Neil Wilson, chief market analyst at Market.com, said yesterday: “More stress in commodities with Indian banning wheat exports, which sent prices up 6 percent this morning to the highest in two months.

“After the late-February and early-March volatility there has been some calm restored to global commodity markets over the last month or so, albeit prices have remained elevated. India’s export ban betrays the underlying stress that resides in the commodity space."

Agricultural Business Chamber (Agbiz) chief economist Wandile Sihlobo said yesterday that further price hikes in wheat in South Africa were likely after the ban, issued late last week.

India's reasoning for this move was similar to that made by Indonesia, when that country banned palm oil exports. The official statement said it wanted to manage its overall domestic food security and support the needs of neighbouring countries.

India is a substantial player in the global wheat market, and is ranked the eighth-largest wheat exporter in the world.

South Africa imports about 40 percent of its wheat, and in the past almost a third came from Russia and Ukraine, but due to the war that supply has been cut off.

The move is expected to raise the price of bread locally as wheat is a key ingredient.
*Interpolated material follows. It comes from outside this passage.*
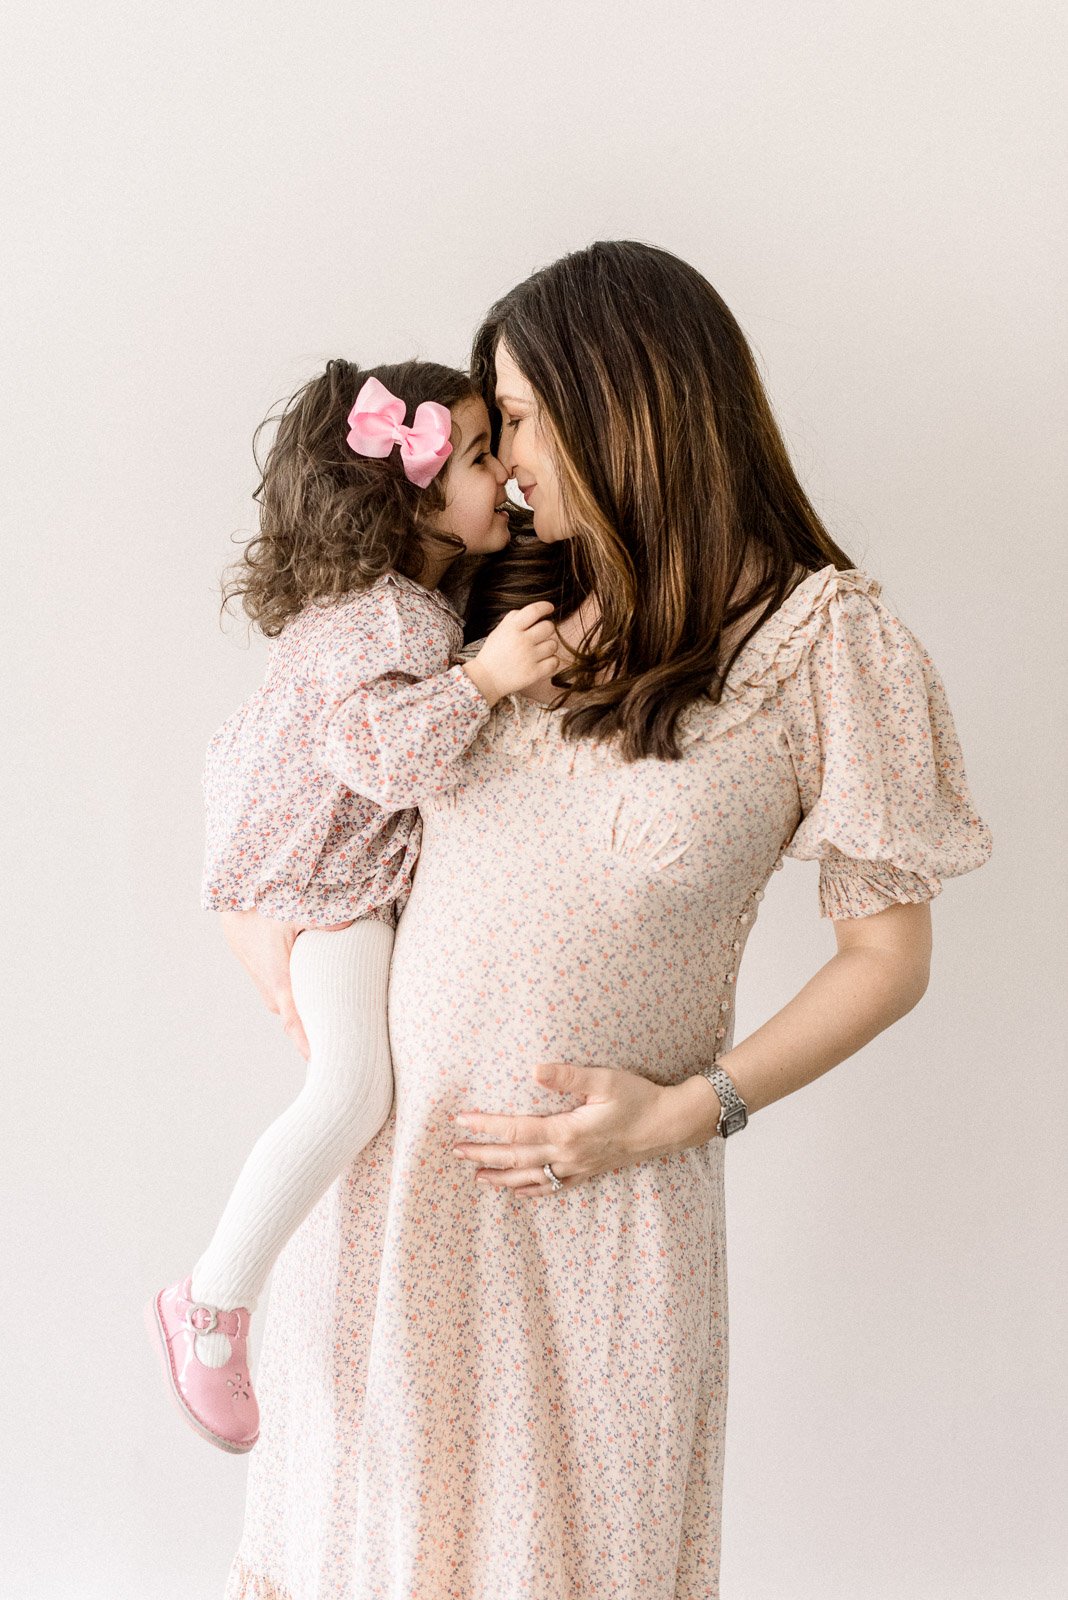 Nirmel Maternity by Michelle Lange Photography-5.jpg

The April 2022 Household Affordability Index, which tracks food price data from 44 supermarkets and 30 butcheries in Johannesburg, Durban, Cape Town, Pietermaritzburg and Springbok, showed that in April 2022, the average cost of the Household Food Basket was R4 542.93.

The average cost of the basket increased by R92.84, up 2.1 percent, from R4 450.09 in March. It found a significant increase of above 5 percent in the price of bread.

Global grains and oilseed prices have remained elevated in recent months as Russia wages war in Ukraine.

The FAO Global Food Price Index averaged 156 points last month, down marginally from the all-time high recorded in March, although still 30 percent up from April last year.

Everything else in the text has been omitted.